GIVEN INFORMATION:
▽
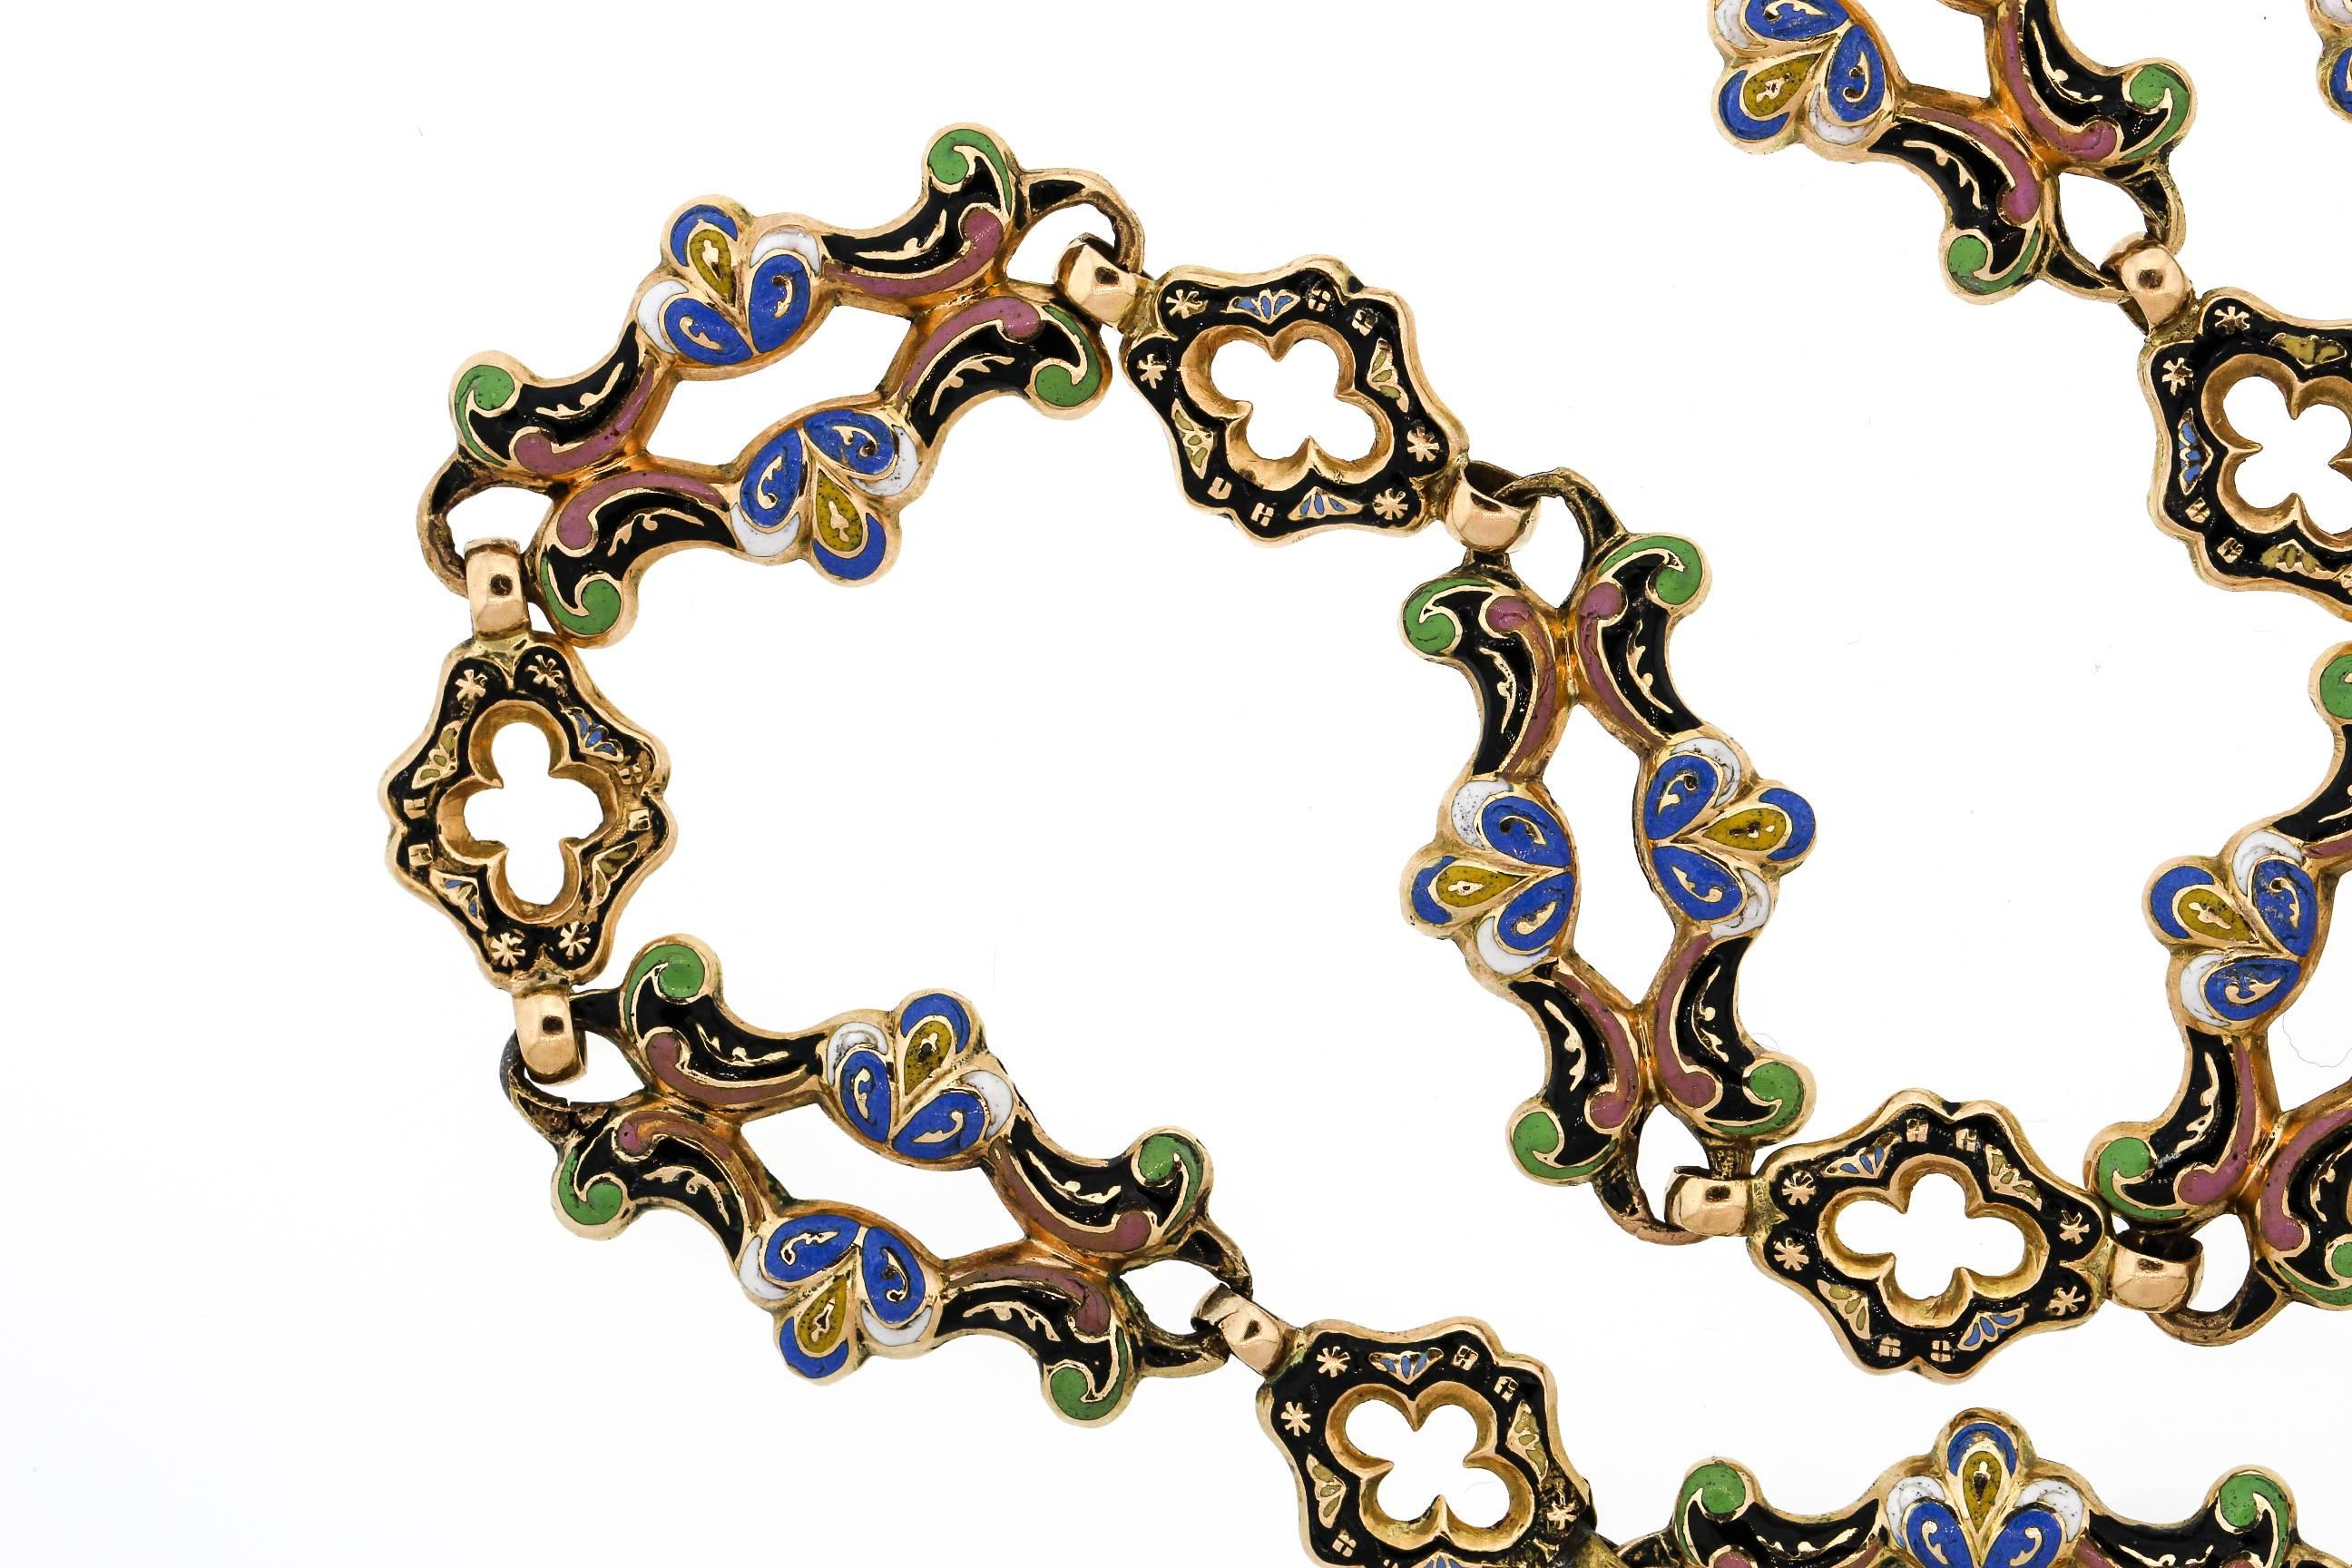 This is a stunning example of a Swiss Enamel long chain. Likely made around 1830, this 18k chain features large and small scalloped links that are enamel with the most gorgeous colors. Light blue and pink and green is accented by black and gold. The
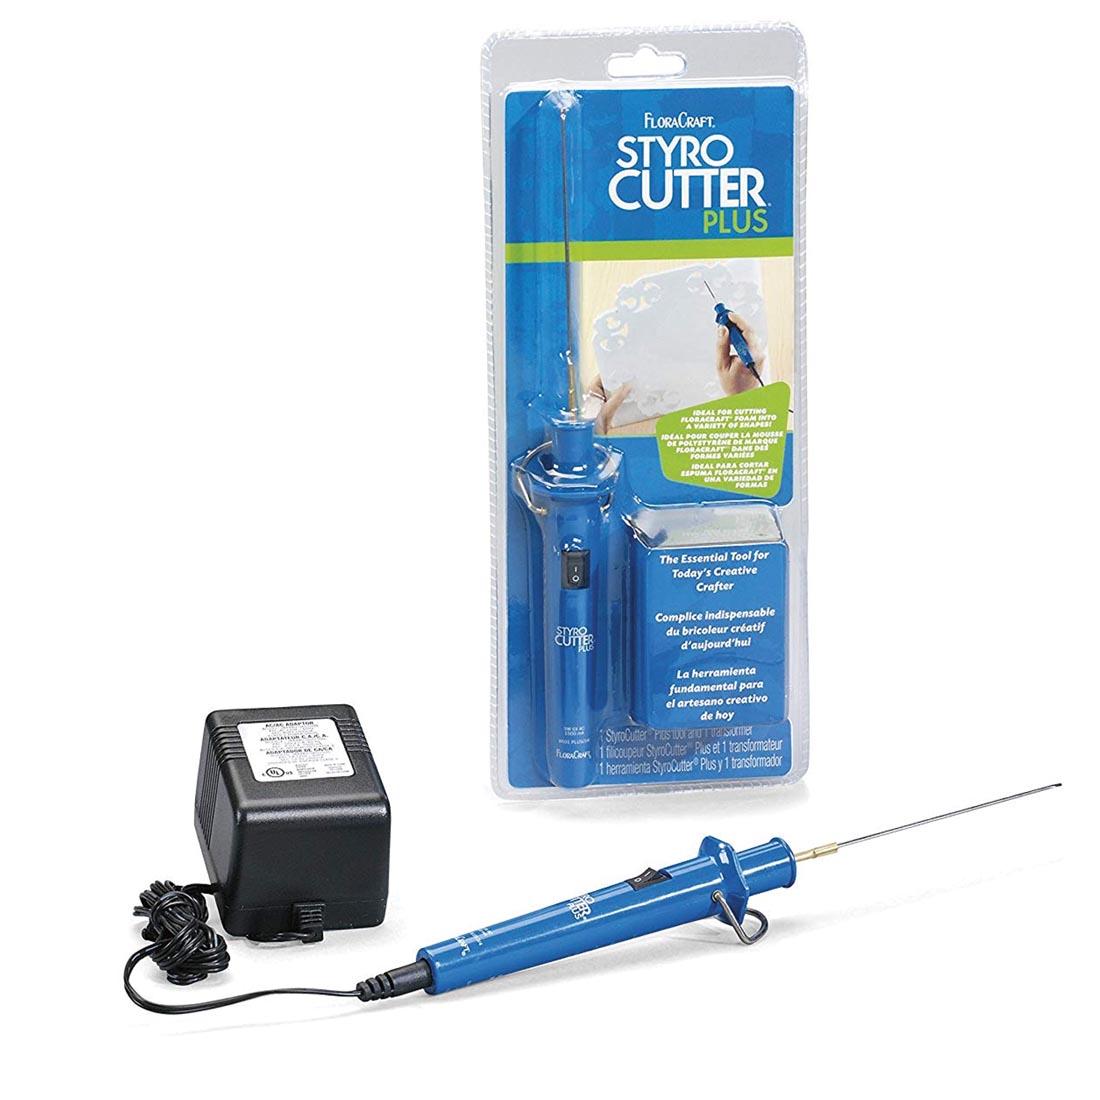 Styro Cutter Plus inside and out of package
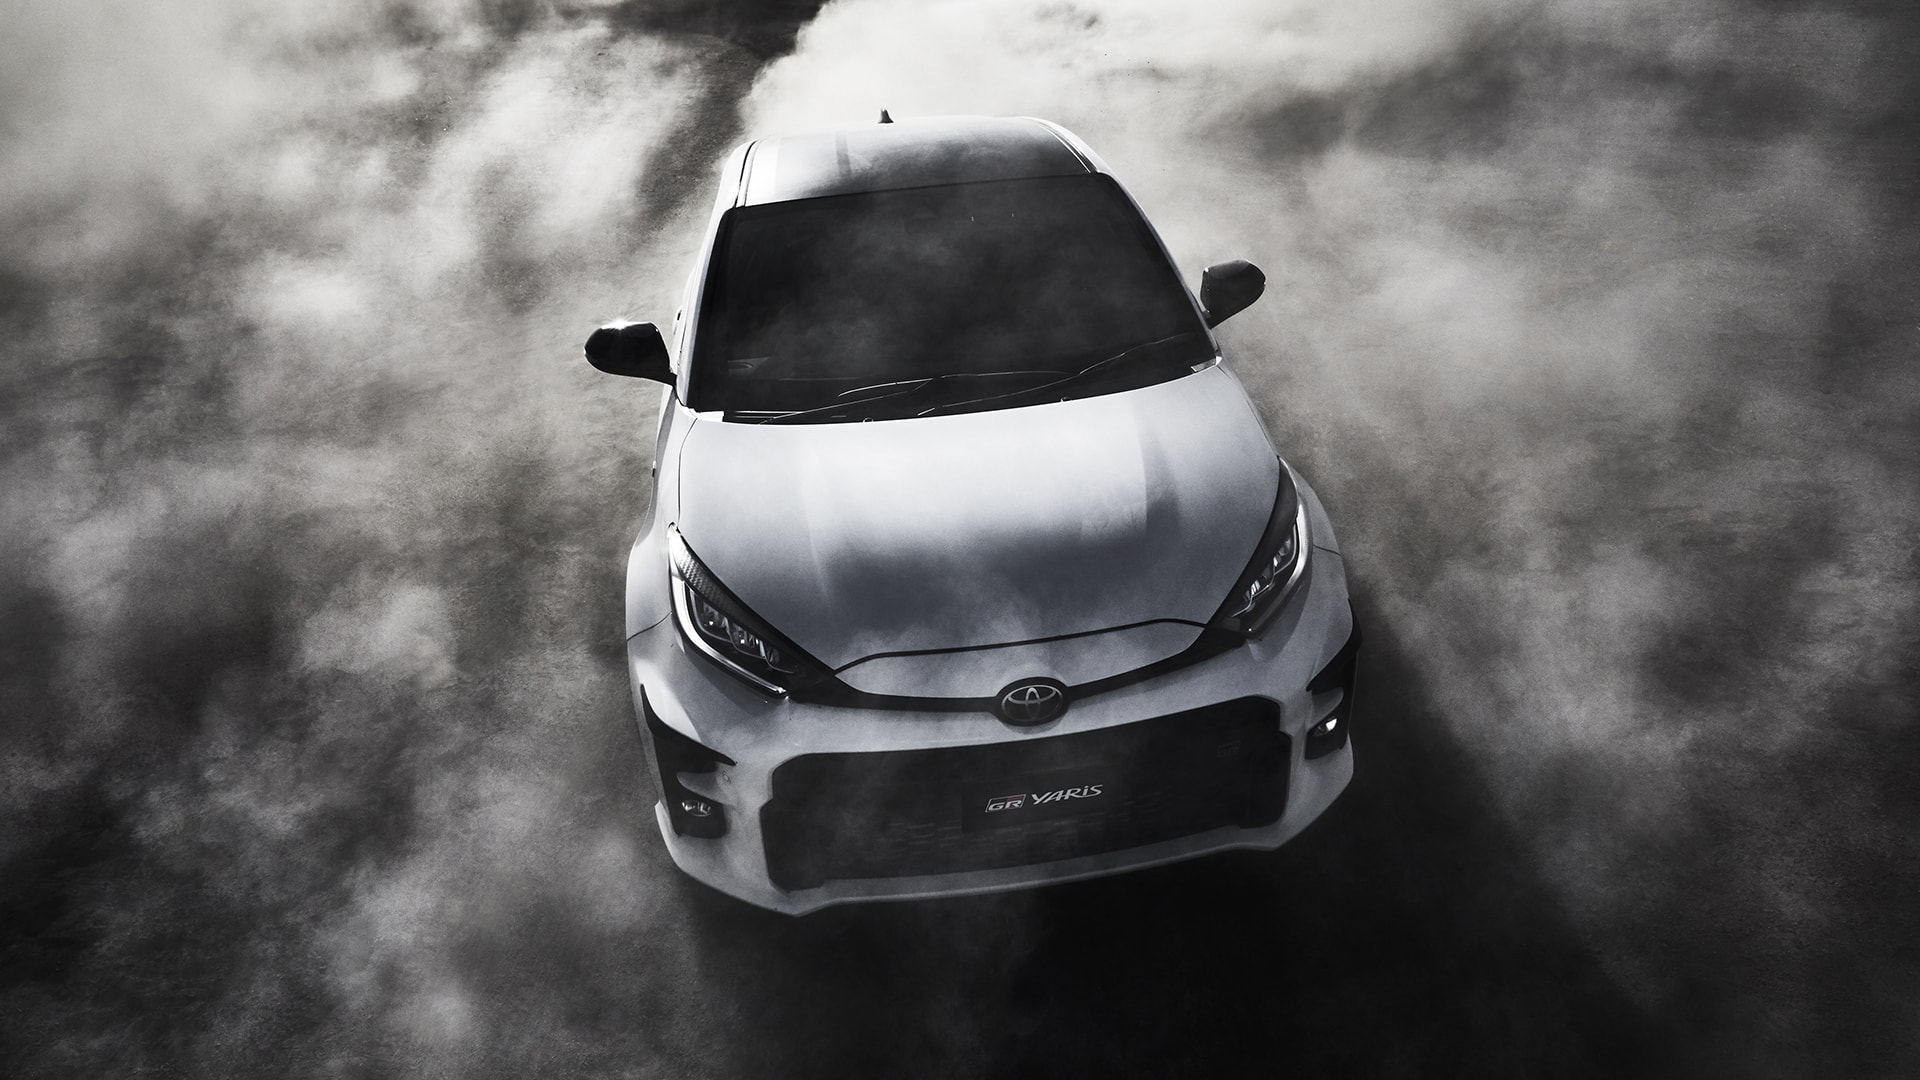 New Toyota GR Yaris: A Rally Car for the Road
△
PROBLEM: All of the material above goes into the copy exactly as is; the pictures do not.

RESULT OF THE EXERCISE:
 This is a stunning example of a Swiss Enamel long chain. Likely made around 1830, this 18k chain features large and small scalloped links that are enamel with the most gorgeous colors. Light blue and pink and green is accented by black and gold. The
 Styro Cutter Plus inside and out of package
 New Toyota GR Yaris: A Rally Car for the Road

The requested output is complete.